Records filed by PPE Medpro’s administrators last month showed that, as well as the money owed to the DHSC, HMRC was also claiming £39m in tax from the company.

But the filings revealed it only had around £600,000 available to pay unsecured creditors.

Simon Passfield KC, for PPE Medpro’s joint administrators, said in written submissions that the company had one secured creditor, Angelo (PTC) Limited, which, according to Companies House, is registered in the Isle of Man.

He continued that the DHSC was the firm’s largest unsecured creditor and had “expressed a clear preference for the company to move immediately into compulsory liquidation”.

In court, the barrister said that PPE Medpro had “sufficient property” to pay off a debt of around £1m to Angelo, and that the administrators believed there would “also be a return to the unsecured creditors”, including the DHSC.

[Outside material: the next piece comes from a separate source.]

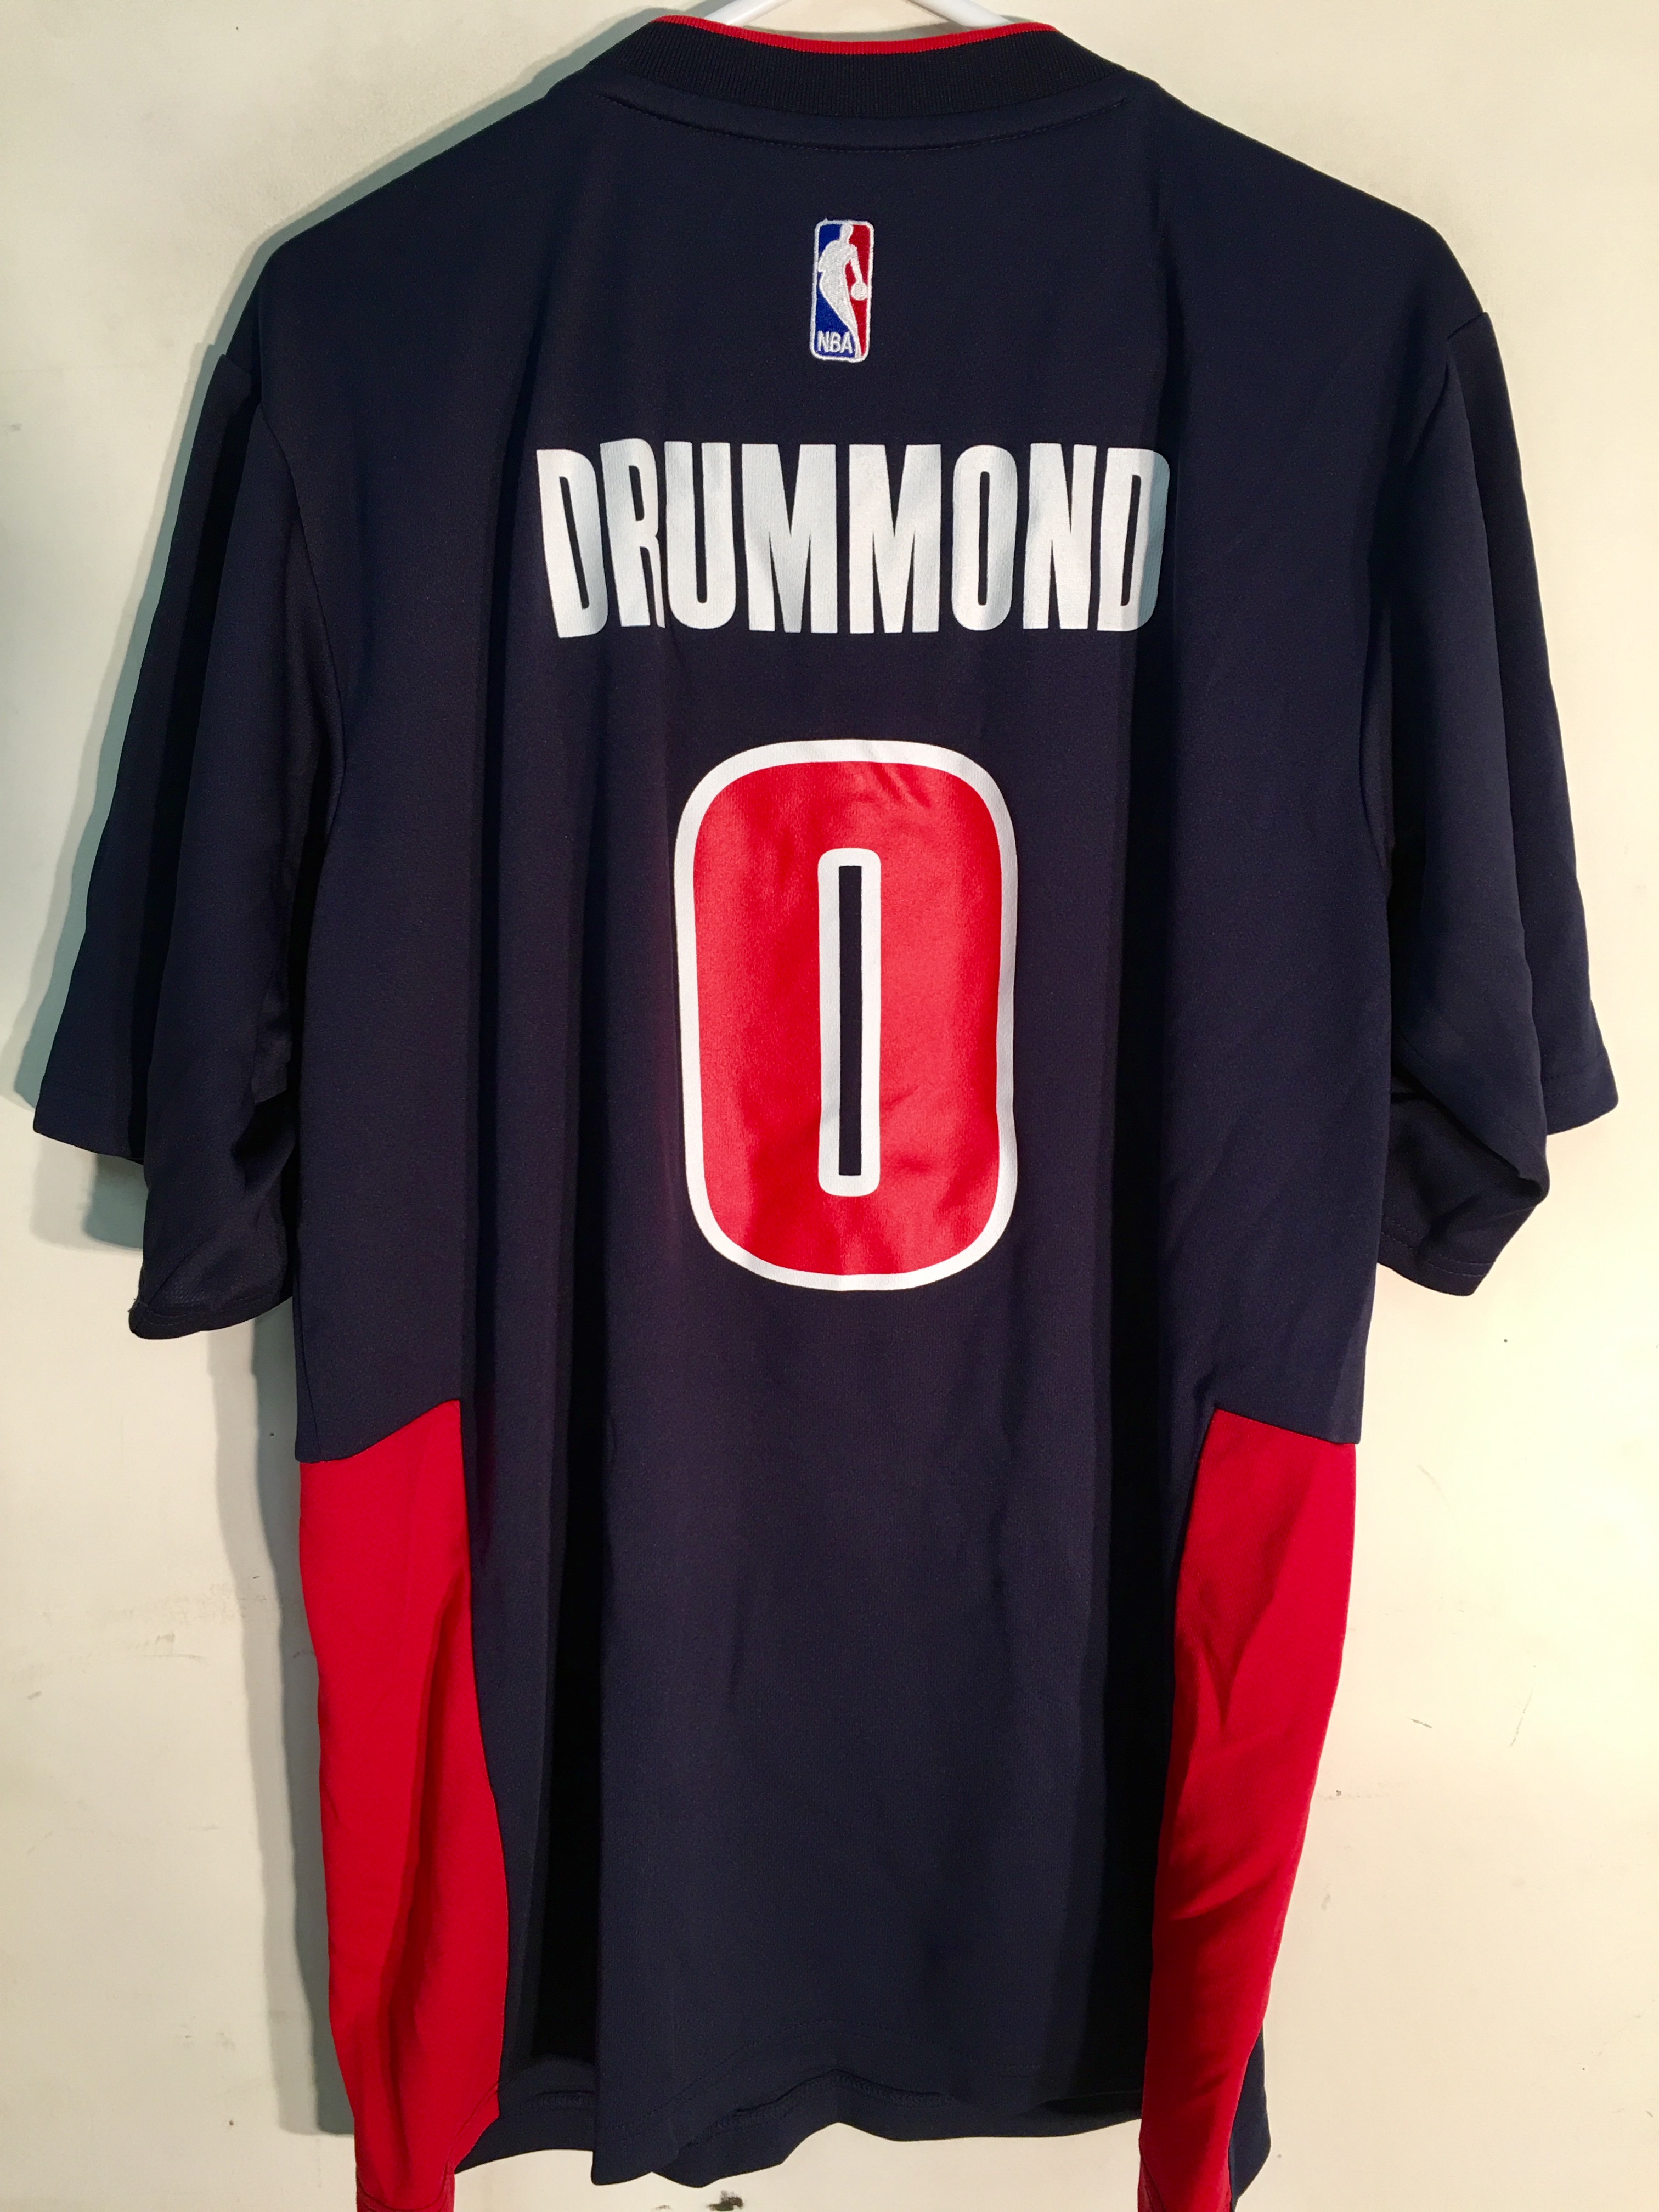 andre drummond usa jersey

Mr Passfield continued that there were “potential” legal claims by the company against “third parties”, which, if successful, “could result in substantial recoveries” of funds, but no further details were given in court.

He said: “The administrators are as best placed as any liquidator to achieve the best outcome for creditors as a whole.”

David Mohyuddin KC, for the DHSC, said in written submissions that there was no “realistic alternative” to winding up the company.

He said: “The only order that the court needs to, and should, make is that Medpro be wound up.”

He continued: “The court’s discretionary power to make a winding-up order against Medpro is clearly engaged: it is obviously and very significantly insolvent.”